В тот миг, когда этот голос раздался внутри моей головы, на стену передо мной упала тень, и, резко оглянувшись, я увидел эльетиммского жреца, который вздымал надо мной булаву, чтобы разбросать мои мозги по узорчатым плиткам. Я бросился вперед и с треском проломил тонкие планки двери. Череп спас, но получил мощный удар по бедру и оказался лицом к лицу с перепуганной Каеской. Она была одна, и, внезапно все поняв, я молча выругал себя. Это ж надо – клюнул как дурак на их приманку!
– Хватай его!
Эльетимм отдернул порванную занавеску, и женщина заметалась как птица в клетке. Она попыталась схватить меня и завизжала от страха и возмущения, когда я сгреб ее за тонкую талию и бросил прямо в колдуна. Оба грохнулись на пол, а я побежал к ставням, открывавшимся в сад, второпях перепрыгнув через кушетку. Но едва моя нога коснулась пола, как ее пронзило нестерпимой болью. Я с криком упал и, катаясь по полу, схватился за бедро. Поглядев сквозь слезы на ногу, я увидел осколки кости, торчавшие из мяса, и кровавые лохмотья кожи. Зубы Даста, как он нанес такую рану всего одним скользящим ударом? Пока я стонал от боли, ублюдок подошел, чтобы позлорадствовать надо мной, и насмешливо стал шептать заклинание.

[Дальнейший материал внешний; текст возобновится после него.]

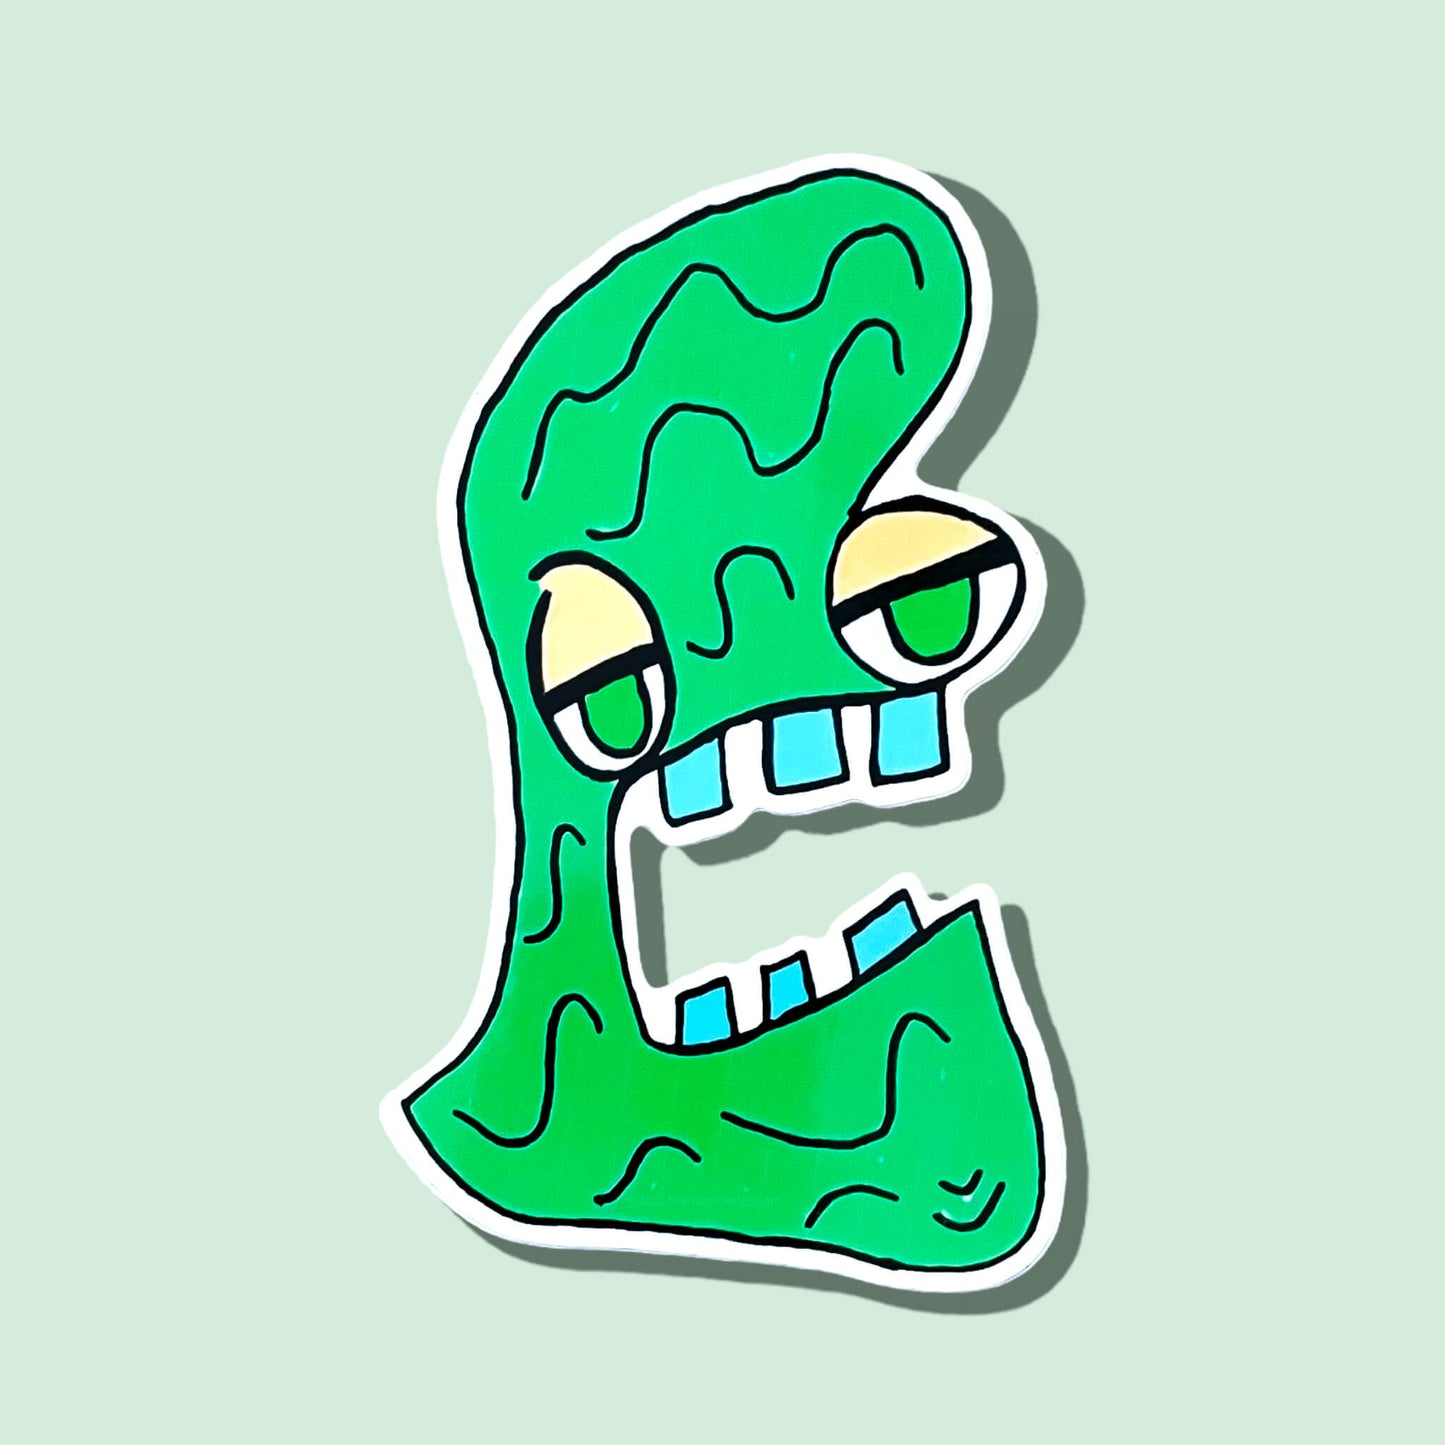 Cara de monstruo verde - Pegatina

«Ах ты, навозная рожа!» – рассвирепел я и из последних сил двинул его здоровой ногой по колену – удар, которым я, бывало, калечил противников и покрупнее, чем он. И точно, колдун упал как подкошенный, хрипло вскрикнув, когда изогнутые ножки кушетки подломились под его тяжестью. Я получил слабый удар по почкам от Каески, но это меня не беспокоило. Как только заклинание расплелось, боль в бедре исчезла. Мои руки сжимали посиневшую от ушиба, но в остальном невредимую плоть, и я вскарабкался на ноги, дрожа от ярости и ужаса. Этот гад снова путал мой разум, перемешивал мозги, чтобы обмануть меня. Я толкнул Каеску в живот и отбросил к полке изысканных ваз, кои разлетелись вдребезги, и злобно подумал, что эта стерва получила довольно осколков в задницу.
Я зыркнул в коридор – может, кто из слуг прибежал на шум и я получу невольную защиту? – но эта слабая надежда не оправдалась. Я потер глаза и грязно выругался: ощущение направления растворилось под настойчивым ритмом еще одного заклинания, звенящего в моих ушах, бессмысленные слова отскакивали от стен, и комната поплыла перед моим затуманенным взором. Я повернулся кругом, лицом к жрецу, и потянулся к его расплывчатой фигуре, но колдун успел вернуть себе булаву. Он поднял ее с тревожным опытом, и я отступил. Свободной рукой он выдернул из-за пояса кинжал и бросил Каеске.